03.15.16

Statement Of Senator Patrick Leahy (D-Vt.), On GE Labeling, A Consumer’s Right To Know, And The Senate’s Own “Dark Act”

I want to set the record straight.  Contrary to the remarks of the Senate Majority Leader yesterday, Vermont has not recently passed a GE food labeling law.  Let’s be clear and accurate in our words in this chamber.  It was in May 2014 – nearly two years ago – that, after two years of debate and more than 50 committee hearings featuring testimony from more than 130 representatives on all sides of the issue, Vermont’s Governor signed into law a disclosure requirement for genetically engineered ingredients in foods.  Now, after one hearing five months ago tangentially related to the issue, without any open debate on the floor, the Republican leadership has decided that it knows better than Vermont.  Today we are being asked to tell Vermonters – and constituents in other states with similar laws – that their opinion, their views, and their own legislative processes simply doesn’t matter.  Today, we are being asked to tell consumers that their right to know isn’t, frankly, theirs at all.

I hear from Vermonters regularly – and with growing frequency – who are proud of Vermont’s Act 120 – a law that simply requires food manufacturers to disclose when the ingredients they use are genetically engineered.  Vermonters are concerned – some even outraged – that the United States Congress is seeking to roll back their right to know what is in the food that they give their families.  Make no mistake: Vermont isn’t the only state whose laws are under attack. We’re just the state with the fastest approaching deadline for implementation.  The bill we consider today is a hasty reaction to a two-year old law set to finally take effect.  And instead of protecting consumers, this bill seeks to continue the status quo and shield the public from critical information, preempt the public’s access to information that they seek about the foods they consume. 

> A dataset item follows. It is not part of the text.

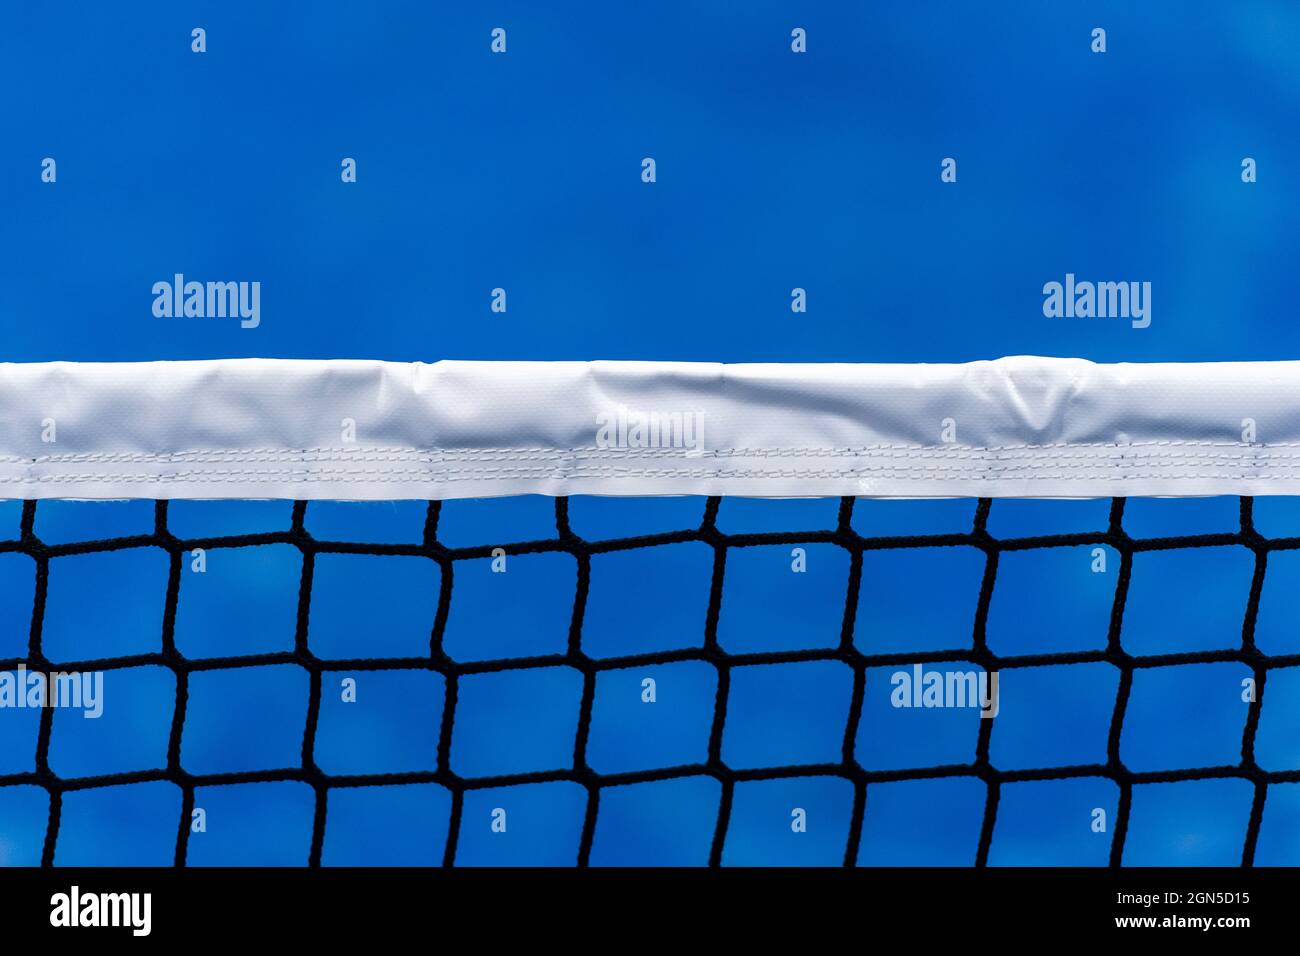 Paddle-tennis, volley-ball et filet de tennis sur terrain bleu. Concept de tennis. Affiche sport horizontale, cartes de vœux, en-têtes, site Web Banque D'Images

Vermont’s law, and others like it around the country, are not an attack on biotechnology.  Vermont’s law, and others like it, merely require factual labeling intended to inform consumers.  Producers of food with GE products have nothing to hide.  The billion dollar iconic brand Campbell’s, which complies with similar laws in other countries, is already taking steps to label their products.  Campbell’s is not the only company ready to label. Our Ranking Member on the Agriculture Committee, Senator Stabenow, has had commitments from many other CEOs in the food industry that they are ready and able to move ahead with labeling and a national disclosure.  An asterisk, a symbol, a factual notation on a product label is not what will send our economy into a tailspin or cause food prices to spiral out of control, as some have said. 

Again, let’s set the record straight.  I have heard some on the floor of this chamber argue that Vermont’s labeling law will cost consumers an average of $1000 more per year in food purchases.  What those who make this argument don’t say is that this cost estimate – which came from a study funded by the Corn Refiners Association – is based on every food manufacturer in the United States eliminating GE ingredients from their food.  That is not what Vermont’s law requires and that is not what anyone is asking companies or farmers to do.  Vermont’s law requires a simple label to inform consumers that products contain GE ingredients.  At a time when too much of the national discourse is hyperbolic at best, let’s speak in truths here in this chamber: GE labeling should be the least of our woes.

The bill before us today is also an attack on another Vermont law – this one more than a decade old, and similar to a law on the books in Virginia – the genetically engineered seed labeling law.  Farmers in both Vermont and Virginia have complied with this law, and those selling seed to those states have done so as well.  Why the need to, again, preempt state laws, already in place, and with which companies are already complying?

At its heart, GE labeling is about disclosure – giving consumers more information, more choices, and more control over what they feed themselves and their families.  When we hide information from consumers, we eliminate a measure of accountability for producers and marketers.  In Vermont, farmers, producers and marketers are proud to showcase not just the quality of their products, but the methods with which they are produced.  It’s a business method we should be replicating across the country, not thwarting by legislative fiat.

I am a proud cosponsor of Senator Merkley’s bill to provide for a strong national disclosure standard that would give manufacturers a variety of options to disclose the presence of GE ingredients in their food.  I am equally grateful to Senator Stabenow, who has fought hard to negotiate a pathway toward a national disclosure standard.  Until we get there, however, we should not move forward with this bill, without an open, full, and responsible debate.

I cannot – I will not – support any bill that takes away the right of Vermont or any state to legislate in a way that advances consumer awareness.  If we do not want a patchwork of state disclosure laws, then let’s move in a direction of setting a national mandatory standard, not away from the public’s right to know.

This week – Sunshine Week – I hope the Senate will reject efforts to thwart public awareness, and will oppose advancing this hastily crafted legislation.